Un momento después, su cuerpo se aflojó y se desplomó sobre mí, desmayada por el alcohol.

Yací allí durante mucho tiempo, su peso muerto inmovilizándome en la cama. Sus palabras resonaban en mi cabeza. Incluso si mueres, nunca podrás dejarme.

Mi teléfono, sobre la mesita de noche, vibró. Era un mensaje del abogado de Jimena Bravo.

"La boda está programada para dentro de una semana. ¿Está listo?".
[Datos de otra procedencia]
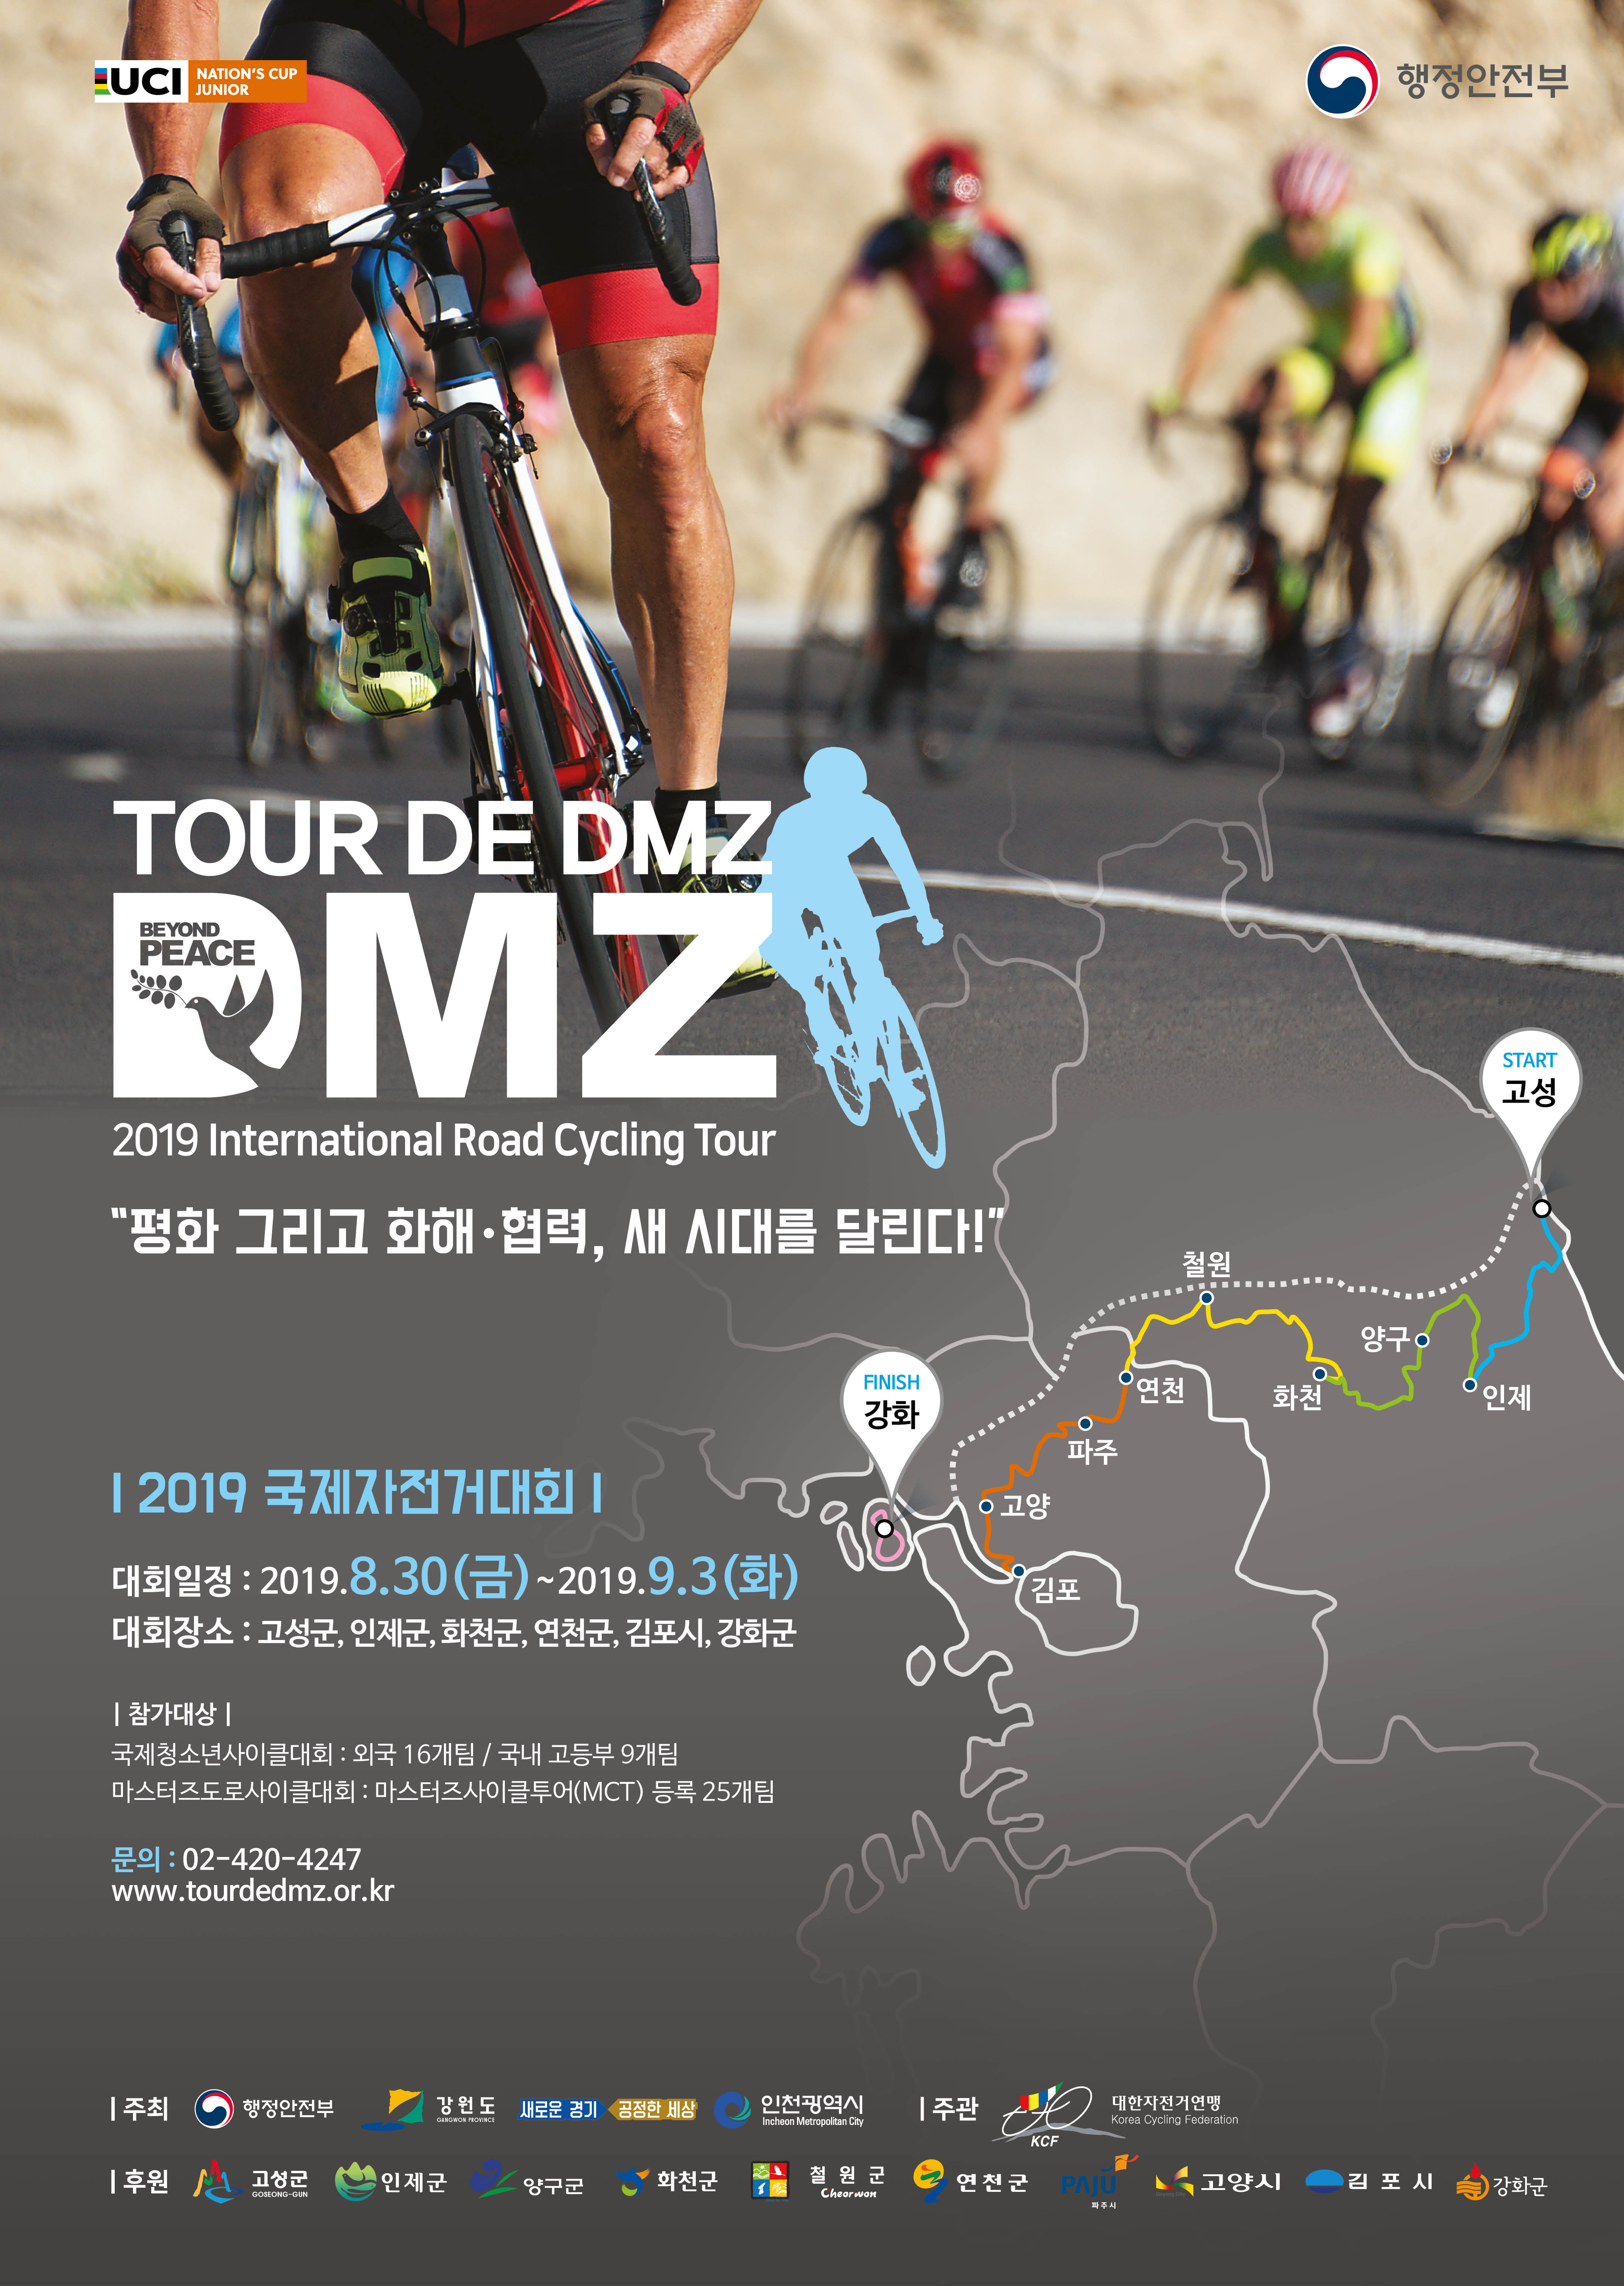 「Tour de DMZ 2019」 국제자전거대회 개최0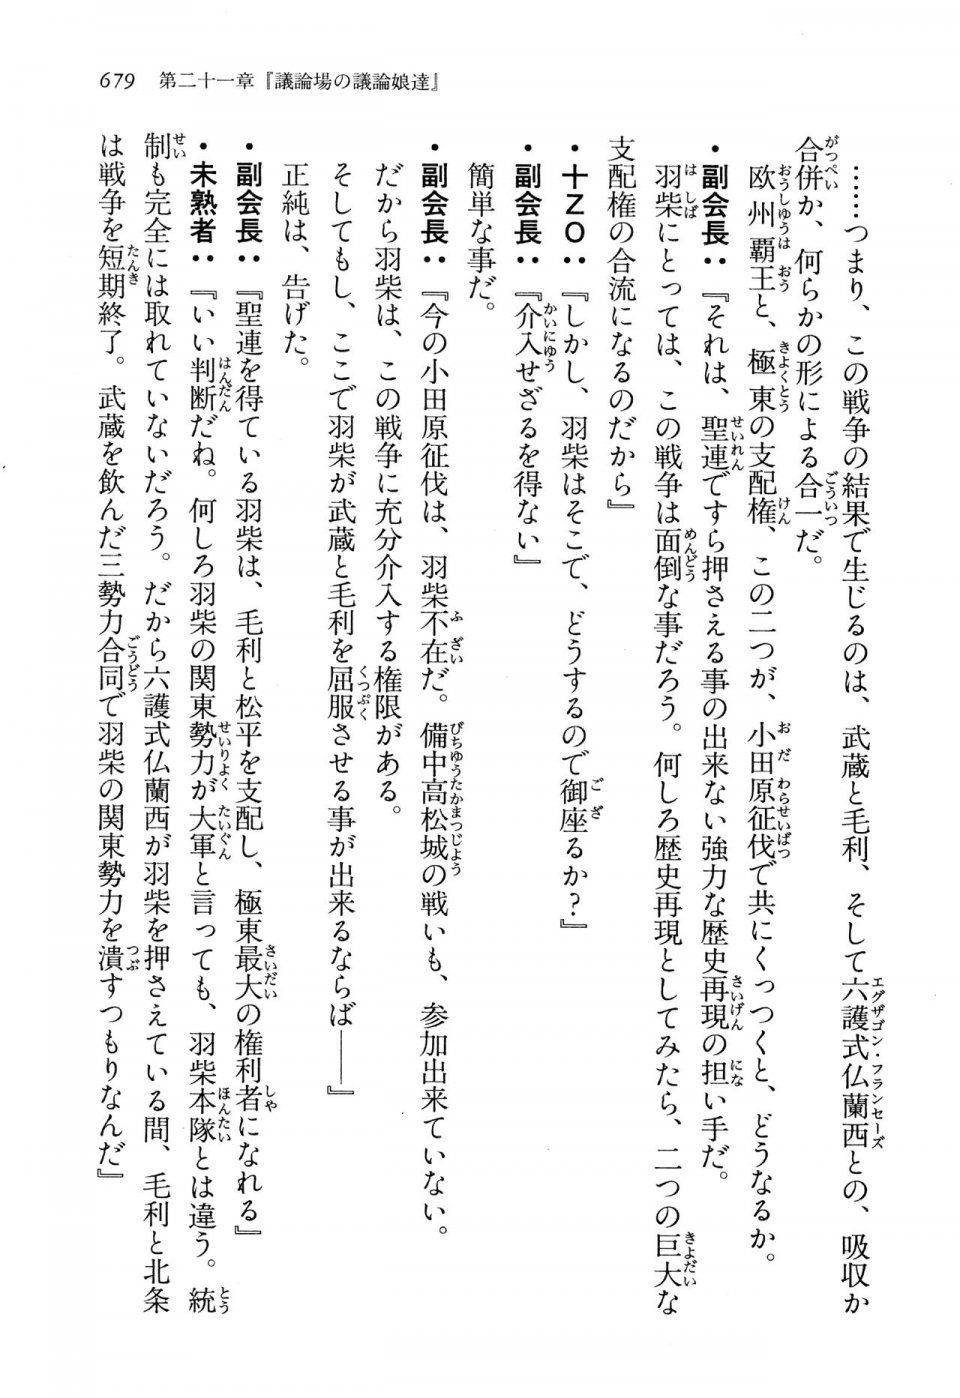 Kyoukai Senjou no Horizon LN Vol 13(6A) - Photo #679

Miré la forma dormida de Eva, la prisión que había construido a mi alrededor. Y supe lo que tenía que hacer.

La empujé y me levanté de la cama. Caminé a su estudio, el único lugar que era verdaderamente suyo. Estaba lleno de sus libros, sus premios, su vida.

Encontré una botella de brandy caro y un encendedor en su escritorio.

Comencé a verter el líquido sobre todo. Los libros encuadernados en piel, las cortinas de terciopelo, el escritorio antiguo.

El fuego prendió rápidamente, las llamas lamiendo las paredes con un rugido hambriento.

Volví al dormitorio y miré a Eva por última vez. Seguía durmiendo, ajena a la destrucción que había desatado.

-Adiós, Eva -susurré.

Luego me di la vuelta y salí del departamento, sin mirar atrás mientras las llamas consumían mi pasado.